Production and Consumption in the Classroom

This semester I have to complete a thirty-seven-hour practicum for one of my education classes. The school in which I have been placed in is a very small and rural school not too far from Geneseo and also not too far from my own personal high school that I attended. Although, not very far away the culture shock that I have experienced has been substantial. Throughout the time that I have spent at this school so far, I have learned that a great deal of the students within the high school is at a reading level that is significantly lower than what it should be. With so many struggling students within the school I have interpreted that many of the teachers feel as if there is nothing to be done, other than just present them with the curriculum and hope for the best.
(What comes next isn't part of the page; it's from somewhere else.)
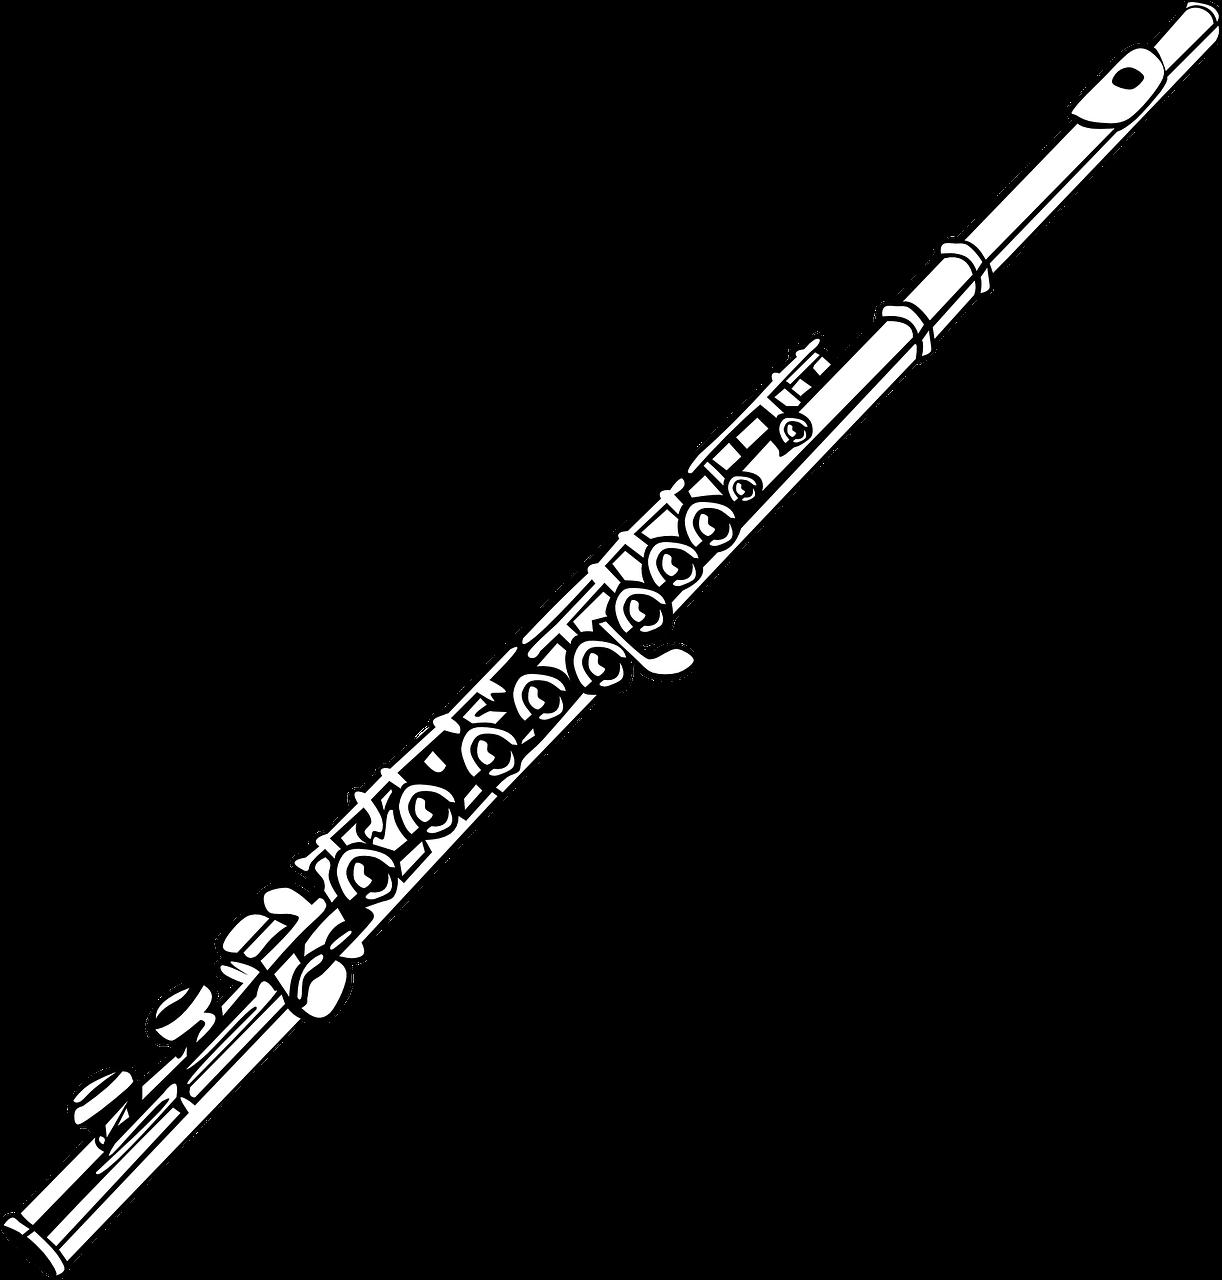 Fløyte Musikal Instrument - Gratis vektorgrafikk på Pixabay

In the midst of being shocked at how many students struggle academically, I, of course, had many questions flowing in and out of my head. One broad and an overarching question that I keep going back to is, where did it all go wrong for these students? This experience and this question resurfaced my mind during my group collaborations this past week in regard to our group blog post. As a group we at one point explored the idea of production and consumption, of course corresponding to sustainability, however, I got thinking about how it could relate to education. Looking at this idea through a lens of education, I personally see educators acting as the production and the students acting as the consumers.
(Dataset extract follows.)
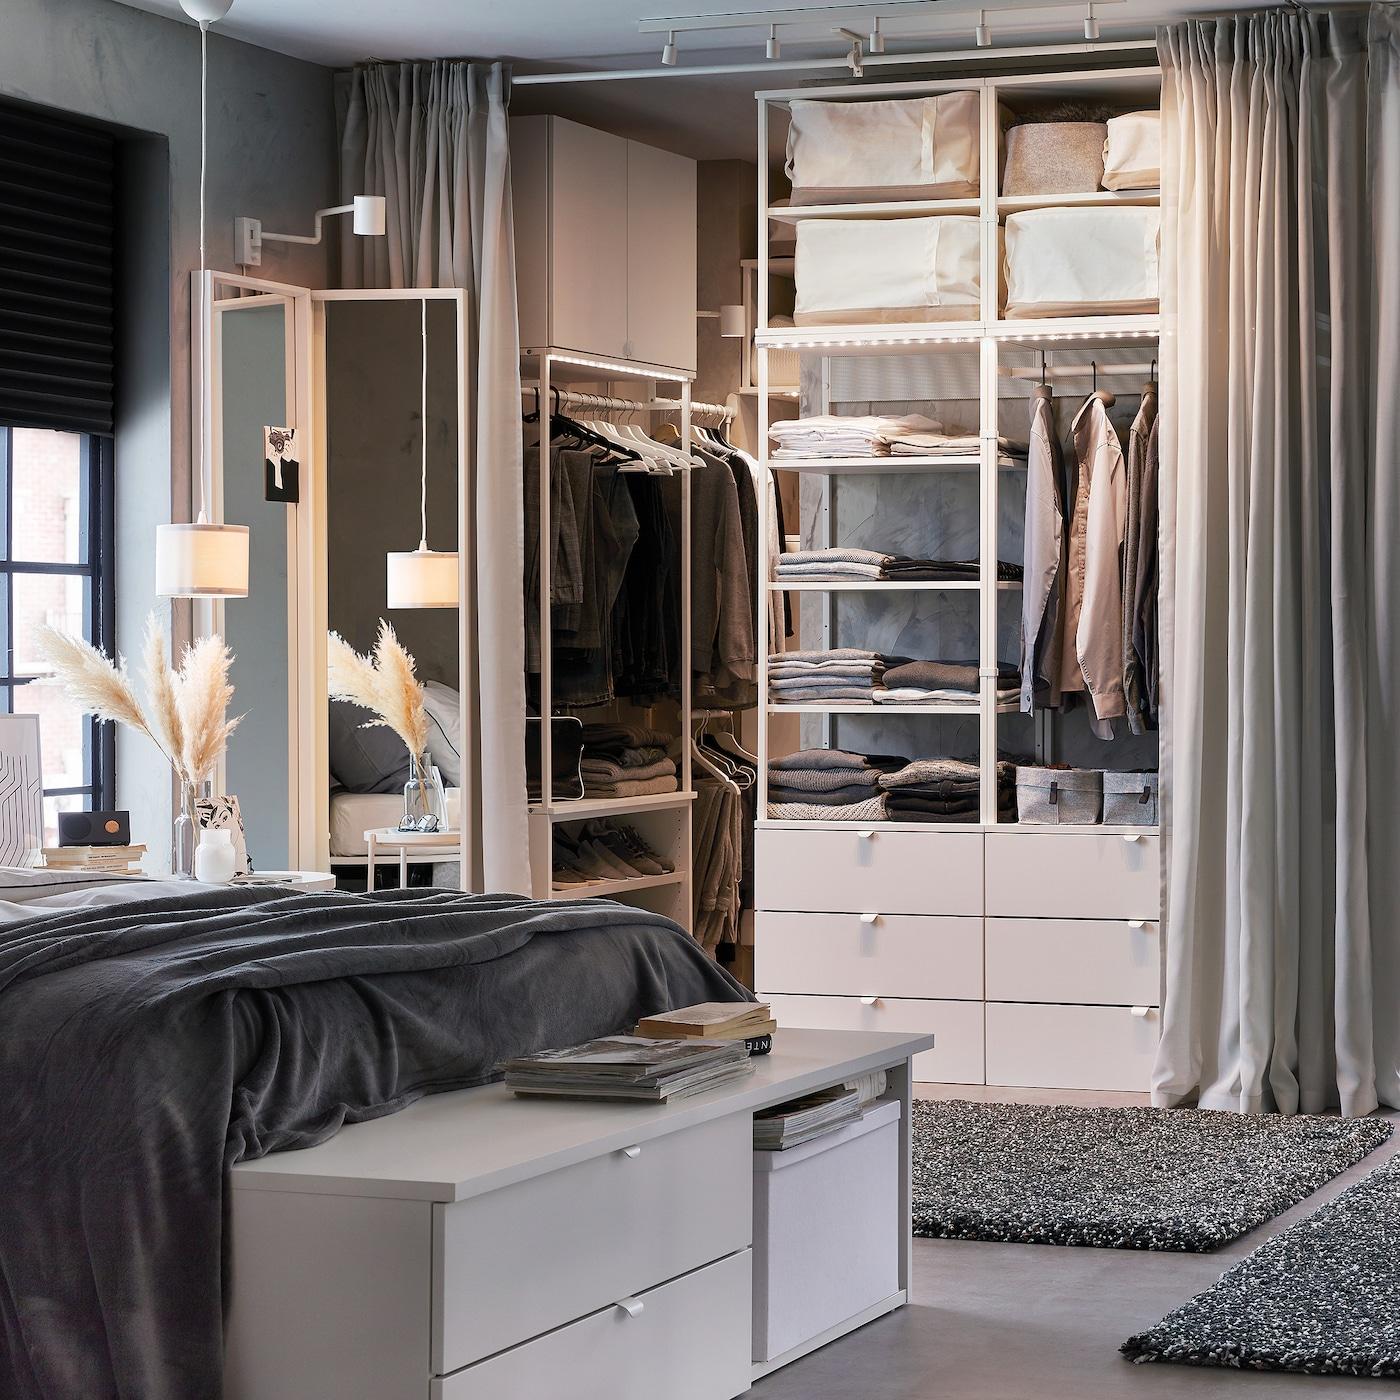 Biało-szara sypialnia z białą ławą z szufladami, otwartą szafą, jasnoszarymi zasłonami i ciemnoszarymi dywanami.

Now you may be wondering how these two very different things connect and that is understandable. It was not until my group developed the statement, “the producer of a system are rarely the consumers of the products that they develop,” that I personally was able to make the connection myself. As a future educator, I would be placed in the producer category. I will be the person producing and constructing ways to convey the curriculum to the students, otherwise known as the consumers. And the students will be expected to receive and engage with that curriculum, just as consumers do when they receive goods.

Going back to my question, where did it all go wrong? I find myself believing that the producer and consumer relationship is what is wrong. A teacher should not act as a producer and a student should not hold the role of a consumer, however, unfortunately, this is the way in which many classrooms are running, and I have seen this first hand throughout my time at my practicum placement. As a future educator, my hope is to learn through my own curriculum, my own mistakes, and my own students. I do not believe that an educator should approach their students with the mindset that they have nothing to learn from them. Teachers should know that just like their students, they also are going to act as “consumers of the products they [producers] develop.” I believe that when a teacher develops a classroom setting in which they believe they can learn something from their own students that many doors for growth and opportunity will be opened.